While listening to this display of unmitigated ferocity, I could scarcely believe the testimony of my own ears.—Tr.

[*]The menace is extended to all the relatives and friends of the informer. It appeared on the trial of the murderers of the Maras, that vengeance was extended not only to the brother of a witness, but even to that brother’s apprentice.—Tr.

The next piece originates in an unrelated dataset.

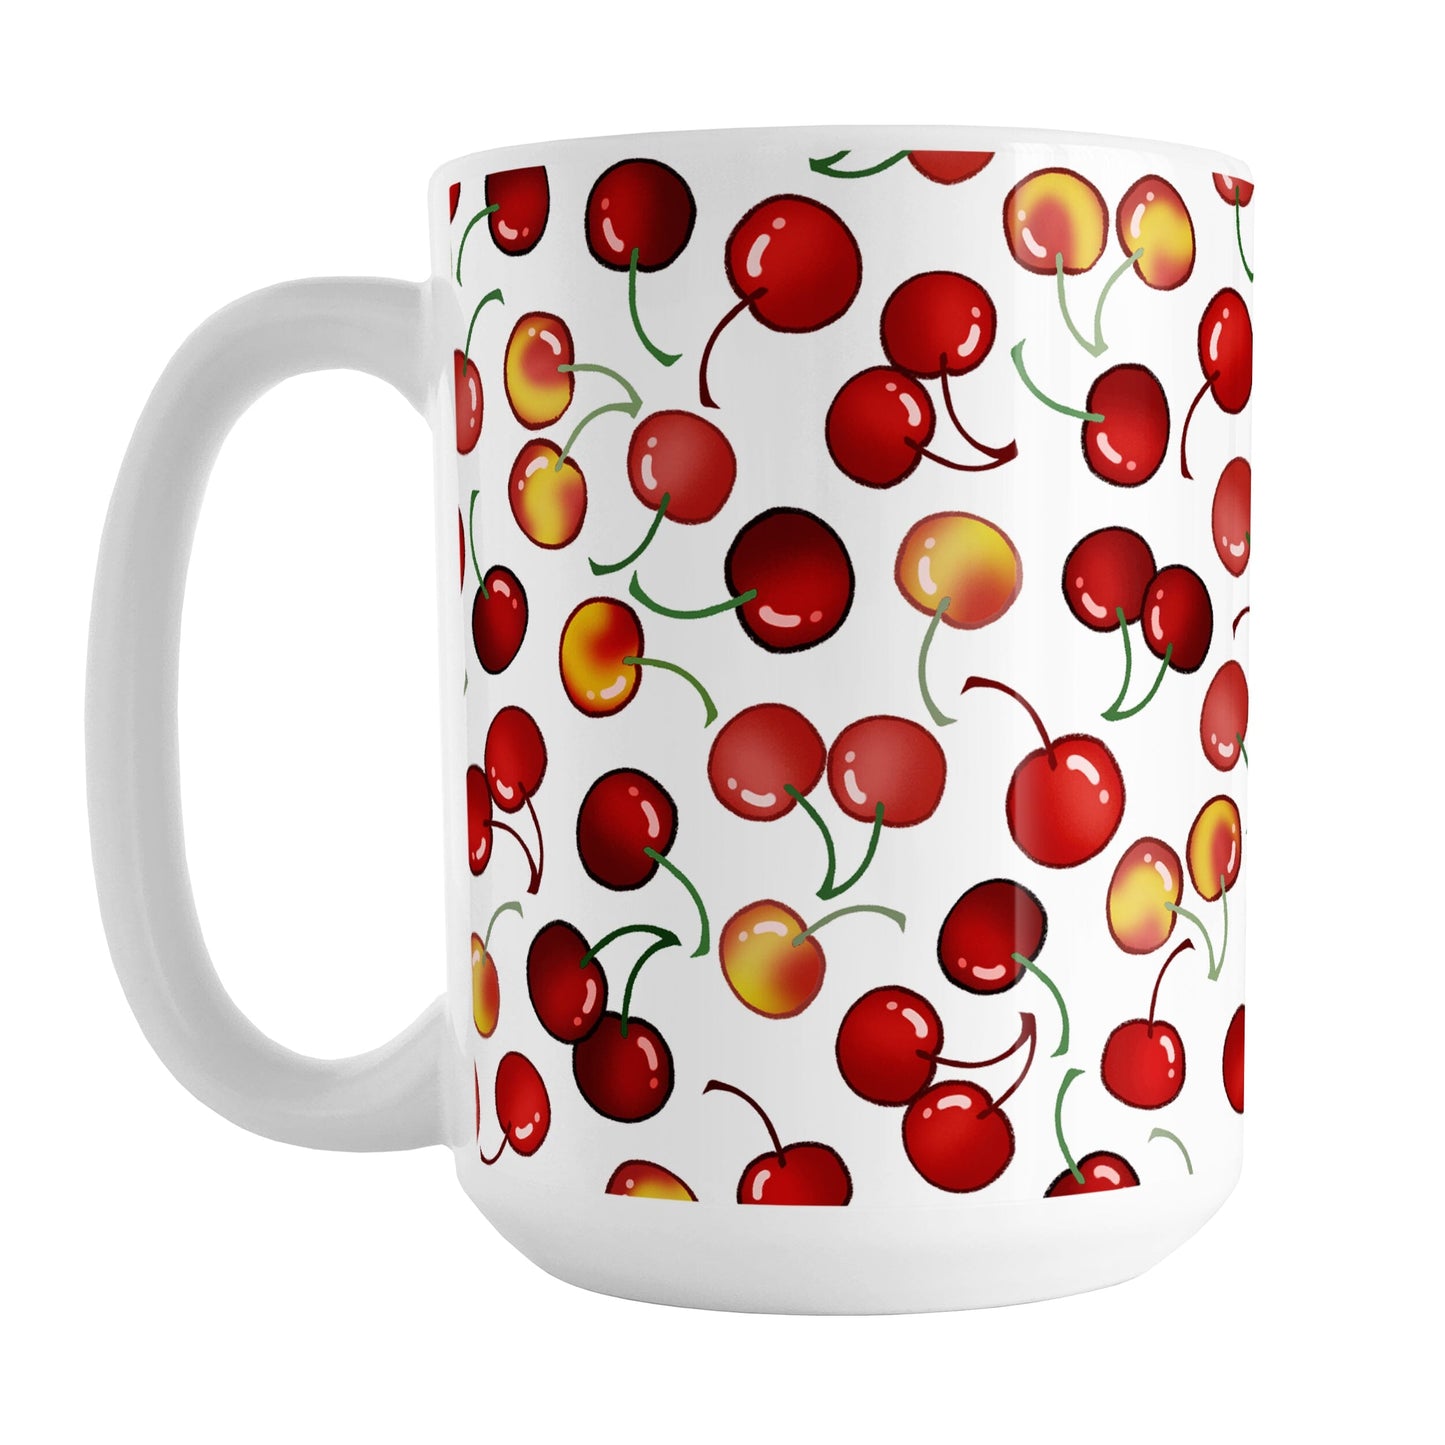 Cherries Mug (15oz) at Amy's Coffee Mugs. A ceramic coffee mug designed with different colors and types of cherries in a pattern that wraps around the mug to the handle.

[*]The 50 George III. ch. cii. sect. 55, having recited that “whereas it has happened that persons who have given information against persons accused of crimes in Ireland have been murdered before the trial of persons accused, in order to prevent their giving evidence, and to effect the acquittal of the accused,” proceeds to enact, that “if any person who shall give information on oath against any person for any offence against the laws shall, before the trial of such person, be murdered, or violently put to death, or so maimed or forcibly carried away and secreted, as not to be able to give evidence on the trial of such person, the information so taken on oath shall be admitted in all courts of justice in Ireland as evidence on the trial of such person.” This provision was extended to grand juries by 56 George III. ch. lxxxvii. sect. 3. The former act likewise contains a clause enabling grand juries in Ireland to present such a sum as they shall think just and reasonable to be paid to the personal representative of any witness who shall be murdered before trial, or to himself if maimed. Sect. 6. Lewis’s Irish Disturbances, p. 269.—Tr.

[*]It could not be obtained otherwise, but the hope of blood-money has sometimes led to the accusation of innocent persons.—Tr.

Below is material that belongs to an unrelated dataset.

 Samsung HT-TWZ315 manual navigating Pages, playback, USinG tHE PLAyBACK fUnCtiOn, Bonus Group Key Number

[]Exile is not always sufficient protection. An attempt to kill an informer among the Irish at Wigan, although his offence had no Whiteboy complexion, is mentioned by Mr. Lord, a magistrate of the borough, in his evidence taken for the Irish Poor Commission.

“A young Irishman, about October last, gave information to the magistrates that two Irishmen who had recently come here, and followed the trade of selling oysters, had committed a rape and robbery in Ireland, and had fled from justice. They were apprehended and detained more than a week; but, in consequence of a delay in receiving an answer from Ireland, they were liberated; the day they were liberated, the warrant came from Ireland for their apprehension. Several attempts were made by the Irish to murder the young man who gave this information, and his brother; the attempts were made openly by several persons, and he was once struck on the head so severely that he was nearly killed. I believe they have both since left the town.” Lewis’s Irish Disturbances, p. 267. I have heard of similar hatred shown to informers who had emigrated to America.—Tr.

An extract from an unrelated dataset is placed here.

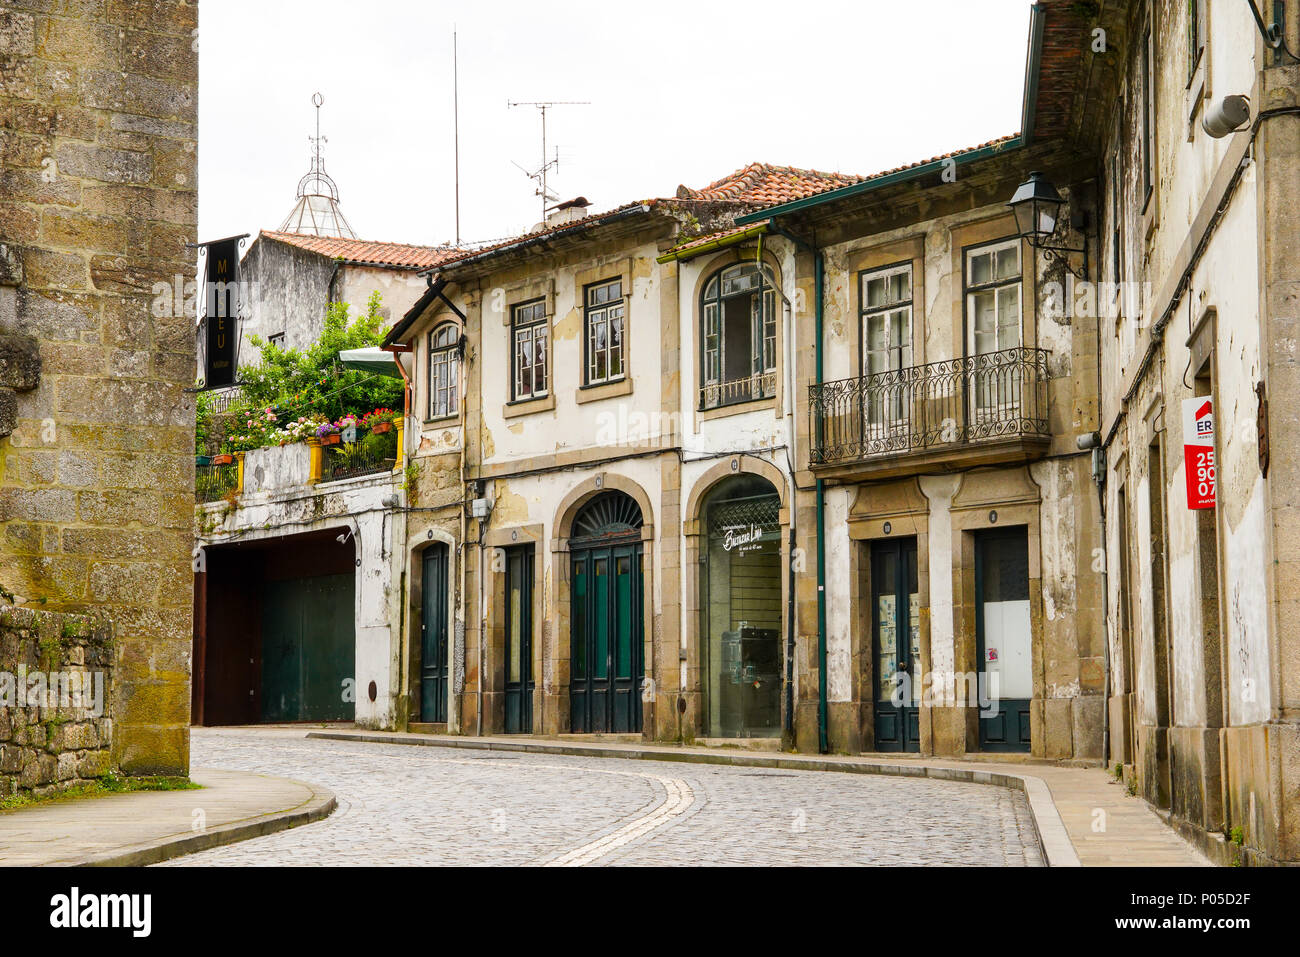 Street in Old Town Ponte de Lima, Minho Province, Portugal. Stock Photo

[*]Captain Rock’s tariff always contained a clause regulating “the priest’s dues,” that is, the fees to be paid for christening, marriage, &c.—Tr.

[*]The truth is, that in all these agrarian insurrections, more Catholics were murdered than Protestants. Religious rancour, no doubt, mingles with these disturbances; but I doubt on which side the greater share of it would be found.—Tr.

[]Hardy’s Life of Lord Charlemont, vol. i. p. 173.

[*]It is of importance to show that M. de Beaumont’s views of the causes of Whiteboy insurrection are the same as those of the most enlightened partisans of Protestant ascendency in Ireland.

“In the particular regions of disturbance,” says Mr. Baron Foster, “I consider that religious animosities are and always have been less frequent than in other parts of Ireland. The great theatres of those differences are the northern counties of Ireland, in which the Insurrection Act has never been applied. Those religious animosities, however much to be regretted, have never led to insurrectionary movements; they have led to quarrels and personal outrages, but never to an attempt against the government,” H. L., 1825, p. 72.

Similar testimony was given by Mr. Justice Day.

“Have the actual disturbances in Ireland originated in religious differences, or in what other causes?”—“The recent disturbances in Ireland have not had anything to do with religion.”

“In what causes did they originate, in your opinion?”—“The poverty of the people, which exposes them to the seduction of every felonious or turbulent leader; the want of employment; the absence and non-residence of landlords, who might superintend, control, and advise; the want of education, which leaves them in a semi-barbarous state, and incapable of judging for themselves. These are some of the various and combining causes which may be enumerated. The severe and unconscionable rents, too often exacted from the peasantry, ought not to be forgotten.”—H. L., p. 552.

The same account is given by the Rev. Mortimer O’Sullivan:—

“Were there no instances of the hostility of the people creating those disturbances being directed against Catholics as well as Protestants?”—“Yes, numerous instances; I believe I stated, that I conceived the disturbances to have commenced in the struggles of poverty; of course it was a war against property principally, and the religious spirit was a thing that mingled in it, but was not the mainspring.”—H. C., 1825, p. 464.